**** SOURCE DATA

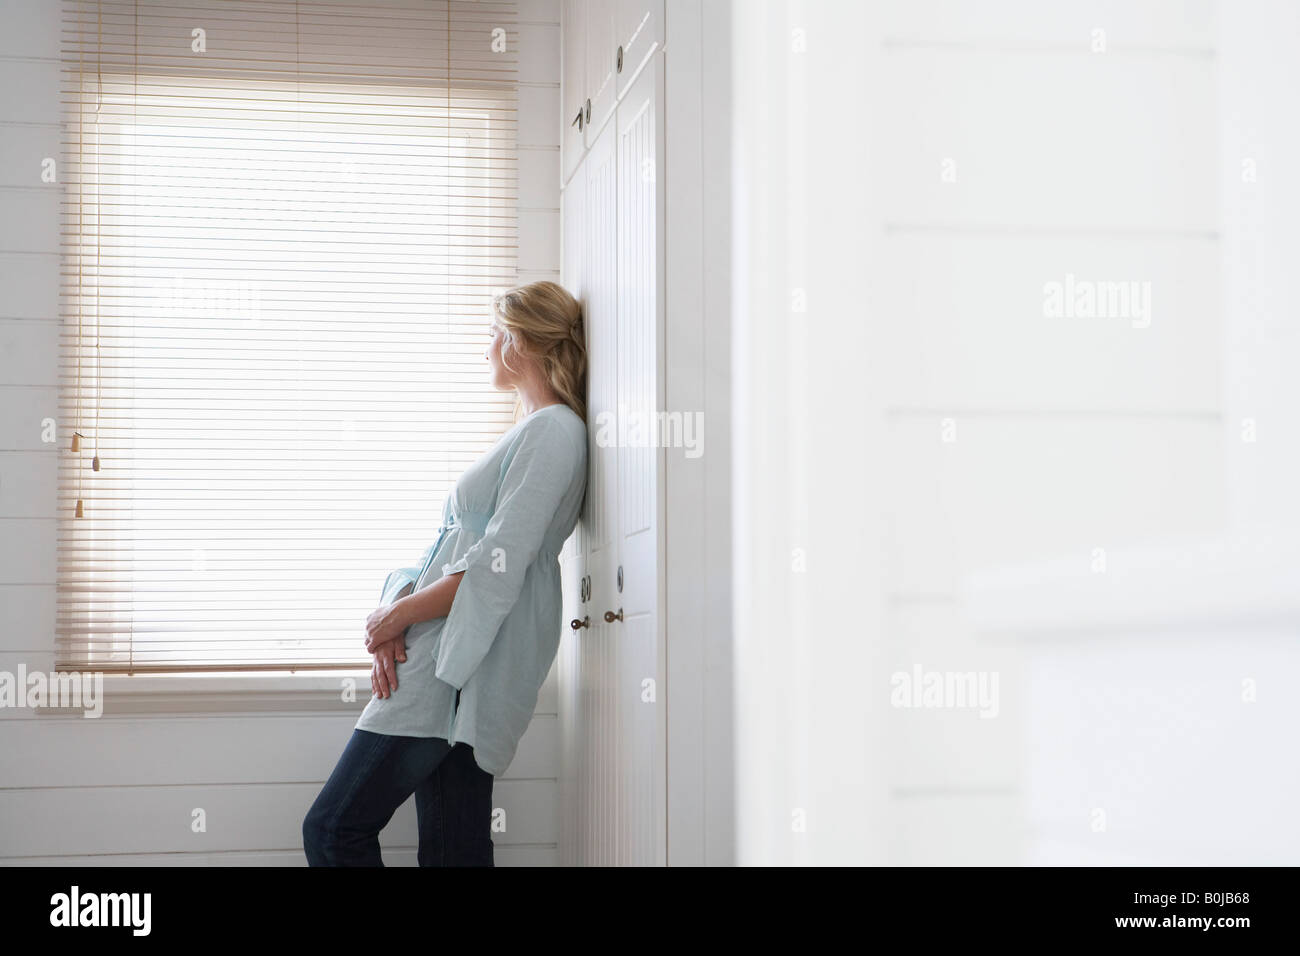 Woman Standing by Bathroom Window Stock Photo - Alamy
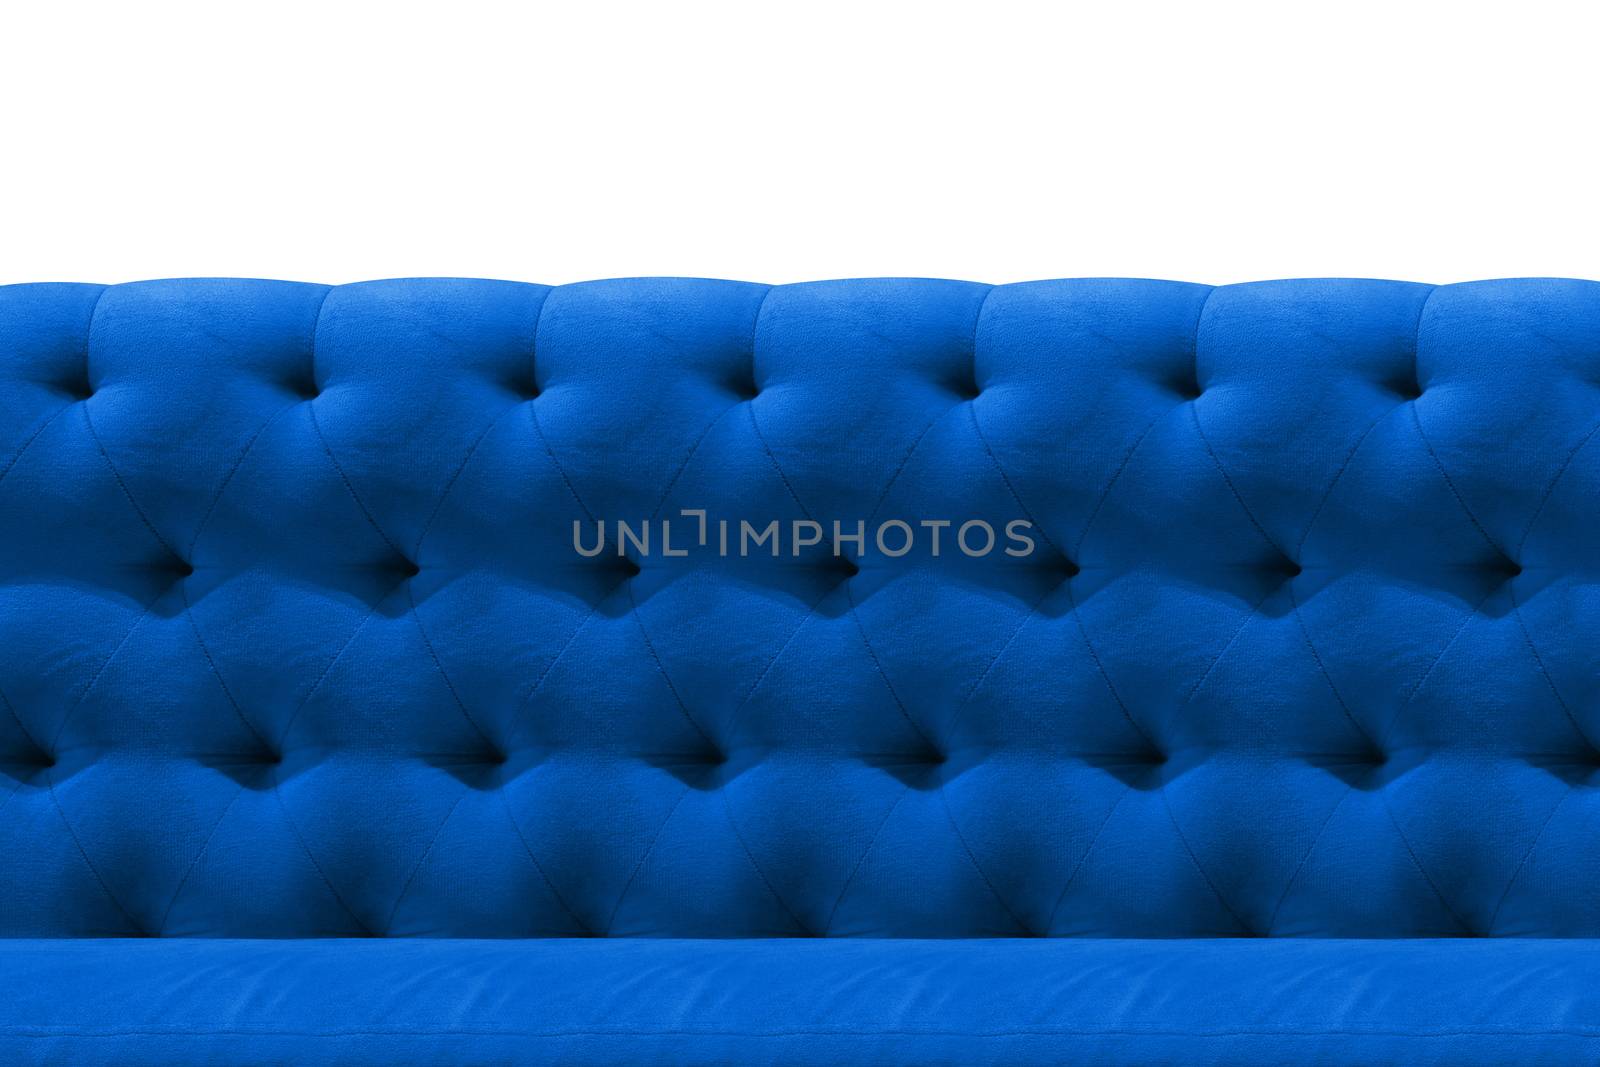 Luxury Dark Blue sofa velvet cushion close-up pattern background on white
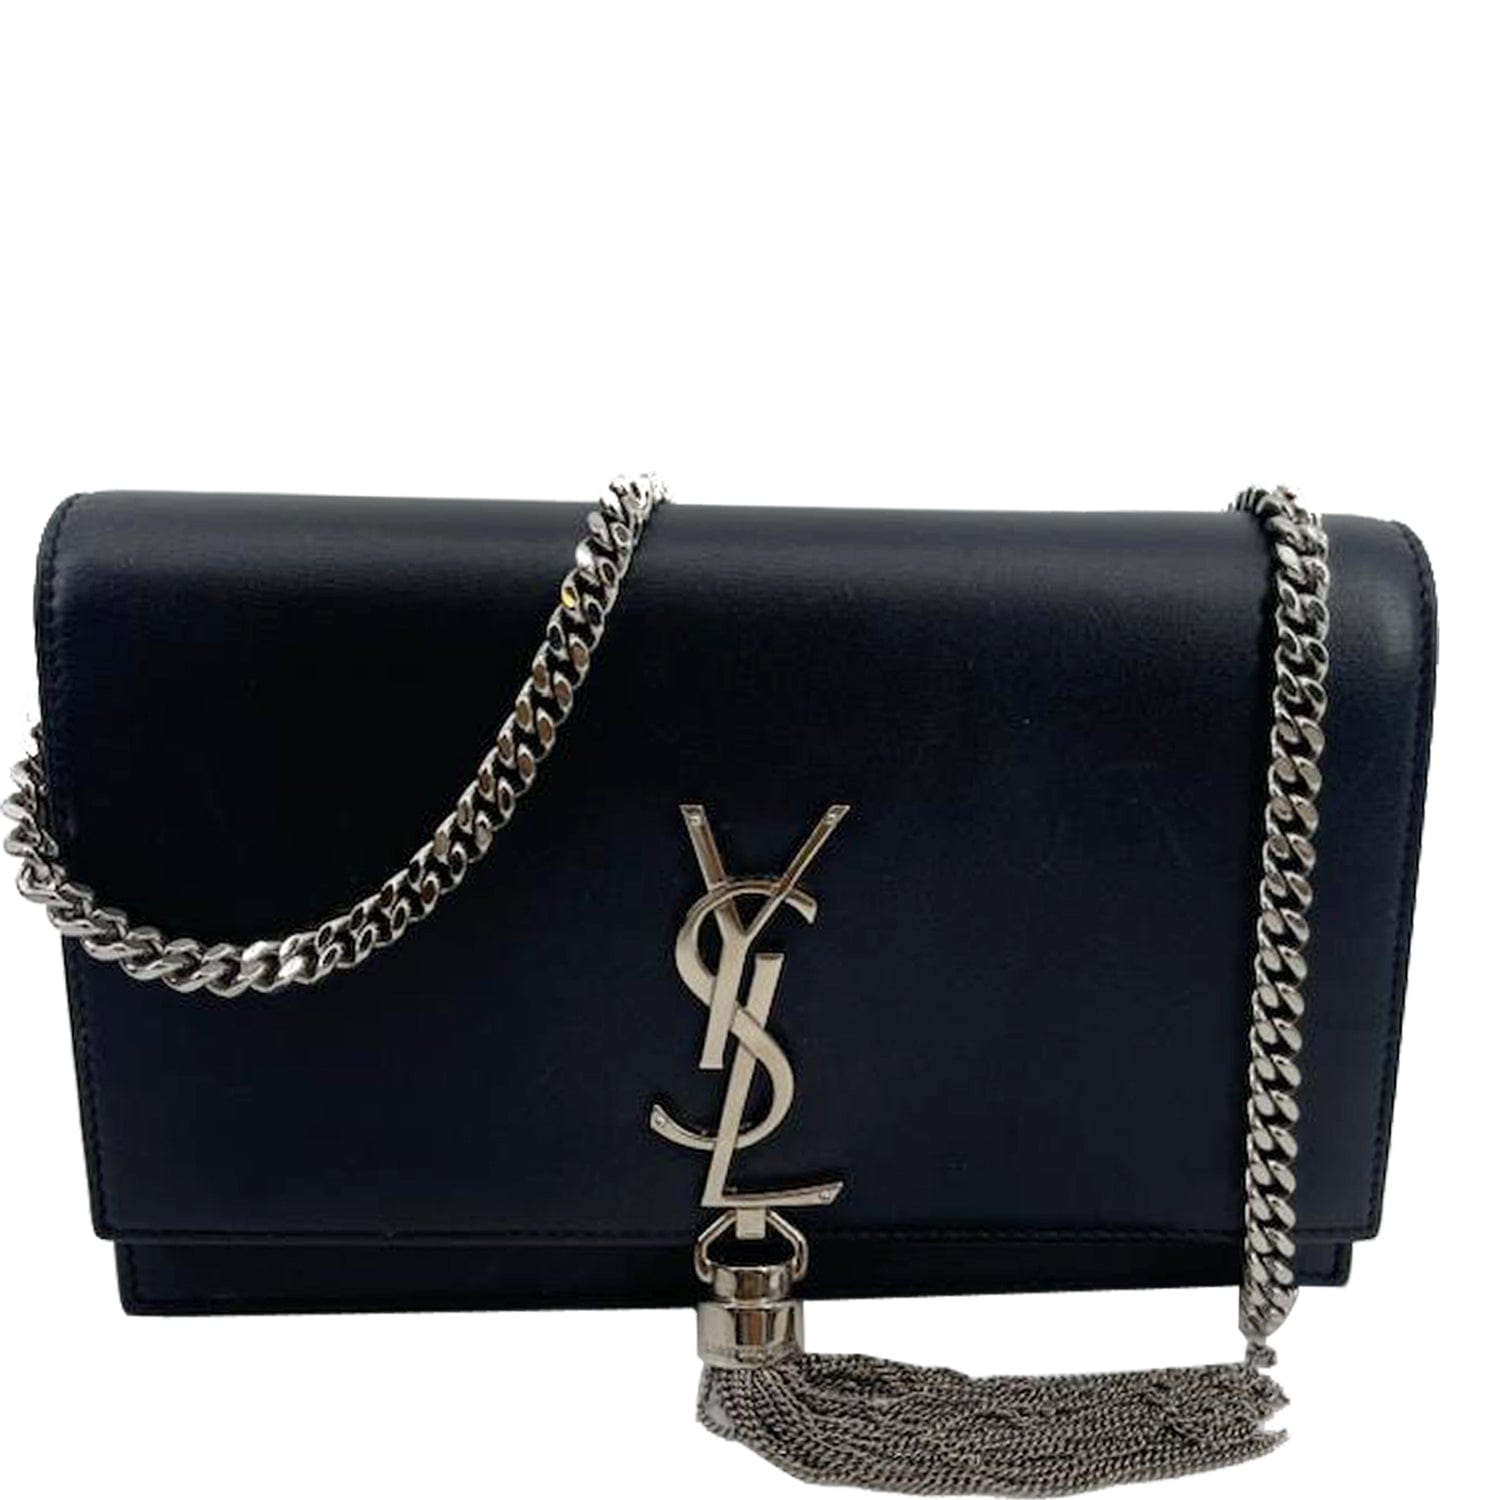 Brand New Saint Laurent Kate Medium Chain Bag / Black Leather / Silver YSL
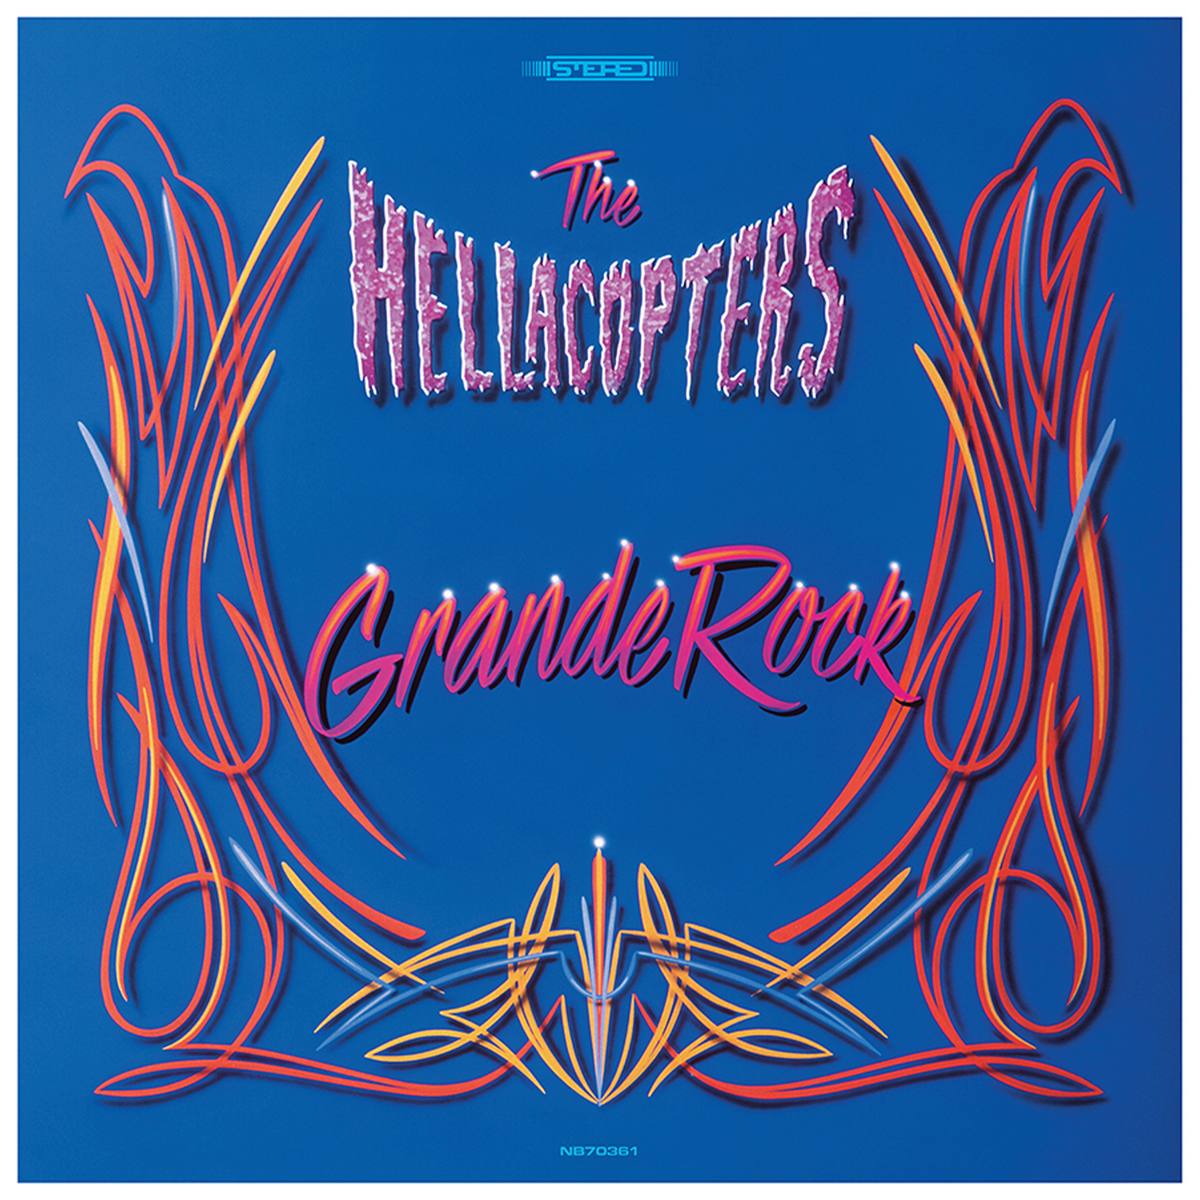 Hellacopters "Grande Rock Revisited" [Clear Purple Vinyl] 2LP

********

TASK GOAL:
Each line of the material above should be set down exactly, with no pictures.

EXERCISE RESPONSE:
 Woman Standing by Bathroom Window Stock Photo - Alamy
 Luxury Dark Blue sofa velvet cushion close-up pattern background on white
 Brand New Saint Laurent Kate Medium Chain Bag / Black Leather / Silver YSL
 Hellacopters "Grande Rock Revisited" [Clear Purple Vinyl] 2LP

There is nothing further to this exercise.